Storage 220 may store information (e.g., data, an application, etc.). For example, storage 220 may include a hard disk (e.g., a magnetic disk, an optical disk, a magneto-optic disk, etc.) and/or some other type of storing medium. In one implementation, SAS 100 may correspond to one or multiple applications stored in storage 220. However, as previously mentioned, each of the functional components (e.g., signal segmenter 105, filter coefficient calculator 110, filter 115, and aligner 120) of SAS 100 may be implemented in hardware (e.g., processor 205), firmware, or hardware and software. Additionally, SAS 100 may implemented in a centralized manner (e.g., on a single device) or in a distributed manner (e.g., on multiple devices).
Input 225 may permit information to be input into device 200. For example, input 225 may include a keyboard, a keypad, a touch screen, a touch pad, a mouse, a port, a button, a switch, a microphone, voice recognition logic, and/or some other type of input component. Output 230 may permit information to be output from device 200. For example, output 230 may include a display, a speaker, light emitting diodes (LEDs), a port, or some other type of output component.
Communication interface 235 may enable device to communicate with other devices, systems, networks, etc. For example, communication interface 235 may include an Ethernet interface, an optical interface, a coaxial interface, a wireless interface or the like.
Although FIG. 2 illustrates exemplary components of device 200, in other implementations, device 200 may include fewer, additional, and/or different components than those depicted in FIG. 2. Additionally, it will be appreciated that the arrangement of components depicted in FIG. 2 may be different in other implementations.
FIG. 3 is a flow diagram illustrating an exemplary process 300 for aligning signals and determining a time offset. The exemplary process 300 may be performed by SAS 100. By way of example, SAS 100 may be implemented by one or more components of device 200 (e.g., a computer).
Process 300 may begin with segmenting a reference signal (block 305). A reference signal may be input to signal segmenter 105. Signal segmenter 105 may segment the reference signal into two or more segments. Each segment of the reference signal may correspond to a time period (e.g., a time window or a time index) of the reference signal.

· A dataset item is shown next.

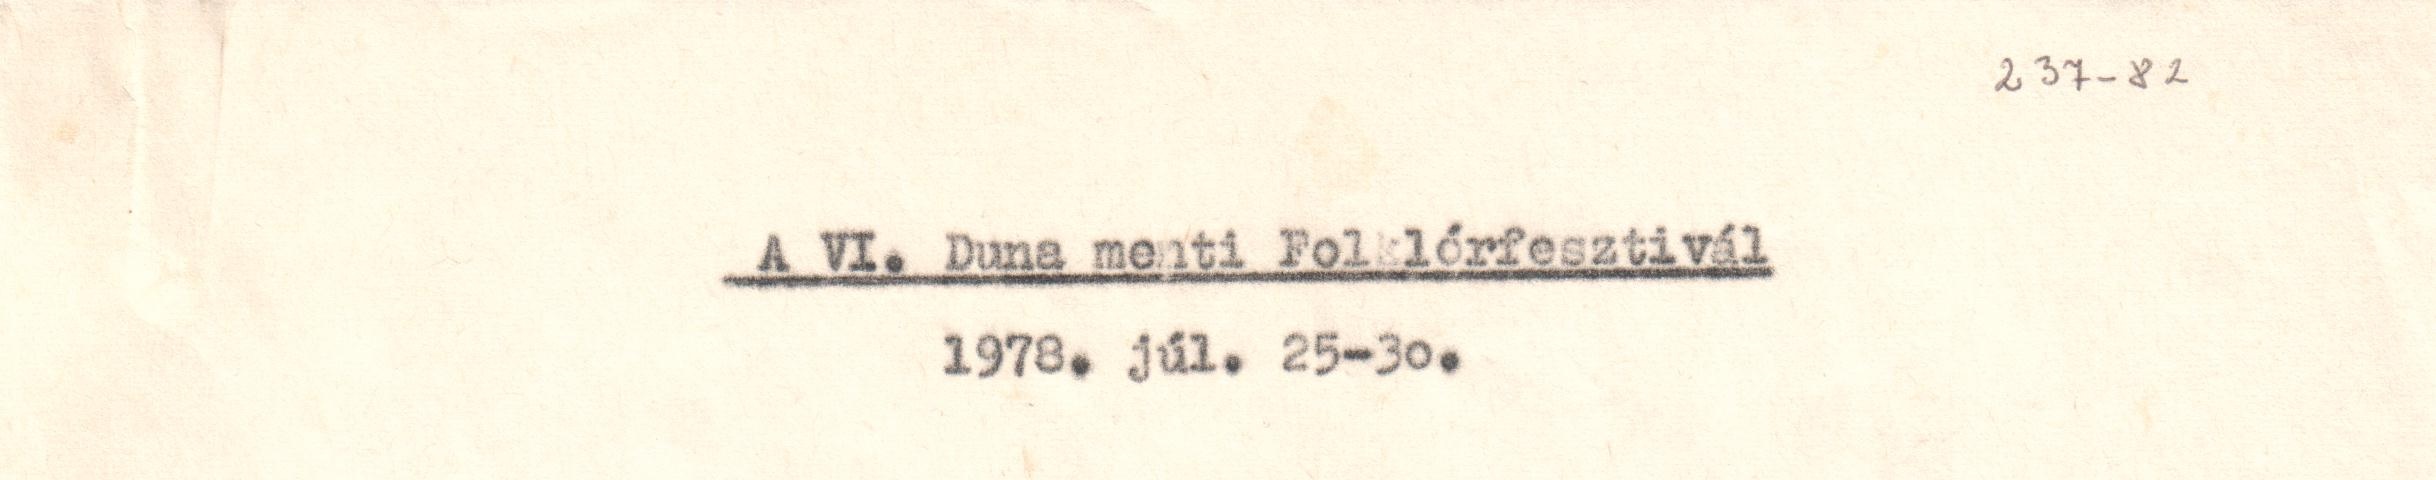 A VI. Dunamenti Folklórfesztivál 1978. július 25-30. Gépirat. (Viski Károly Múzeum Kalocsa RR-F)
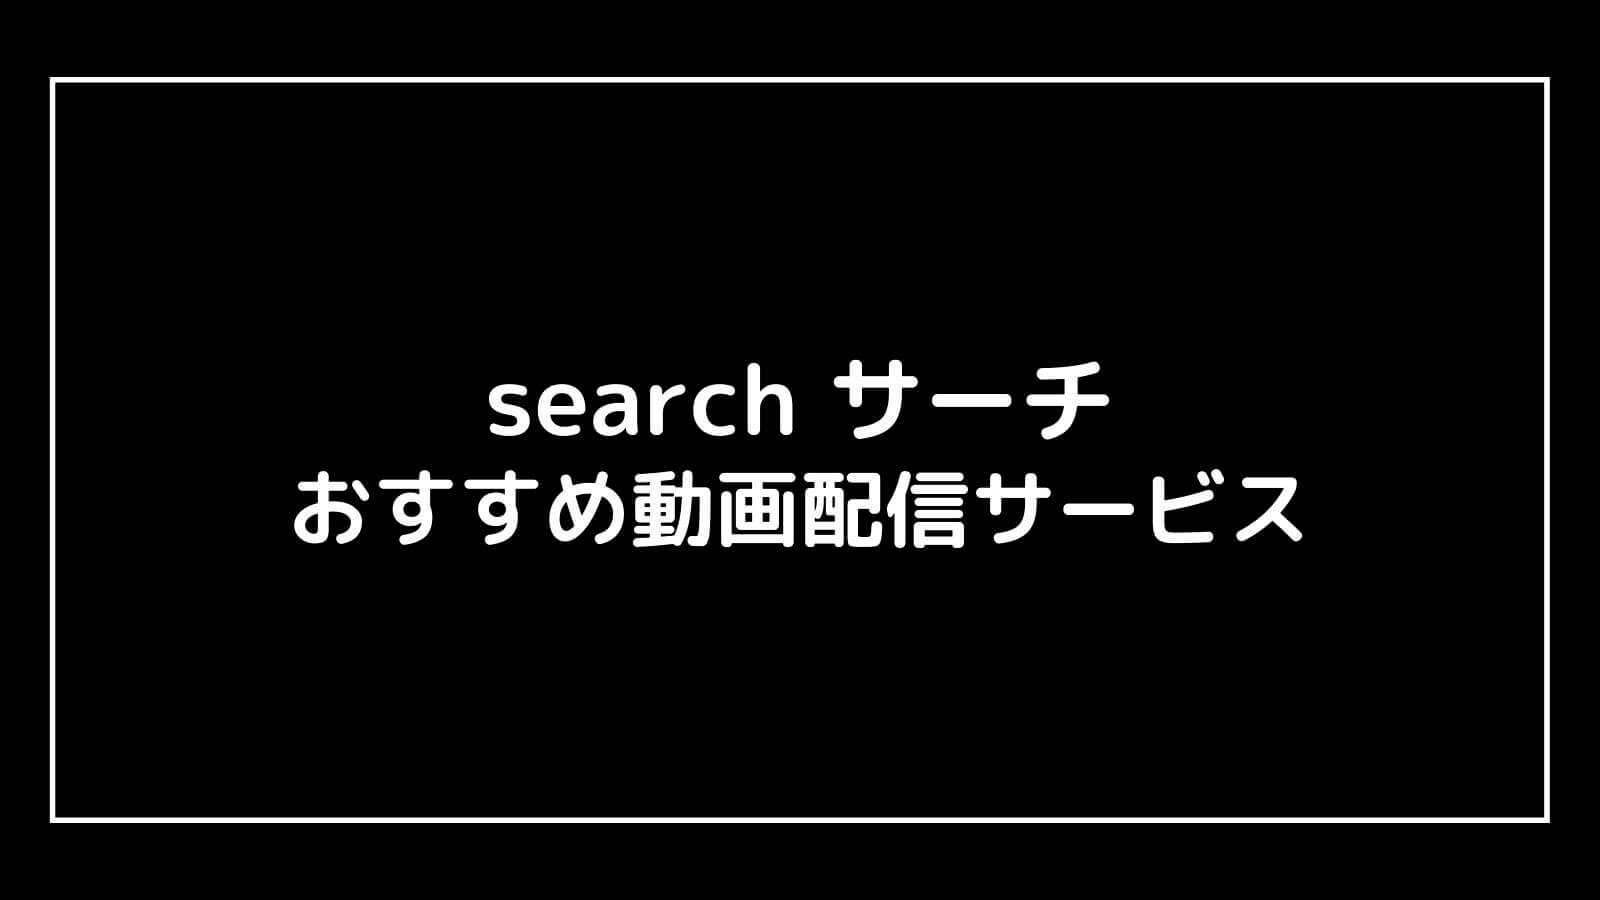 映画『search サーチ』を無料視聴できるおすすめ動画配信サービス

Filter coefficients may be generated (block 310). Filter coefficient calculator 110 may generate filter coefficients that correspond to a spectral content (e.g., a spectrum envelope) for each reference signal segment. In one implementation, filter coefficient calculator 110 may utilize parametric methods to create a filter having a frequency response that follows the spectral content of each reference signal segment. For example, filter coefficient calculator 110 may generate an AR model using linear prediction. For example, various algorithms, such as, Yule-Walker, Burg, Levinson, Levinson-Durbin, Schur-Cohn, etc., may be utilized. In another implementation, filter coefficient calculator 110 may generate an AR moving average model. Alternatively, filter coefficient calculator 110 may utilize a non-parametric method to create a filter having a frequency response that follows the spectral content of each reference signal segment. For example, filter coefficient calculator 110 may generate a discrete power spectrum estimation (e.g., a periodogram). In the implementations described, filter 115 may utilize the generated filter coefficients to filter the reference signal segments and the degraded signal, as described below.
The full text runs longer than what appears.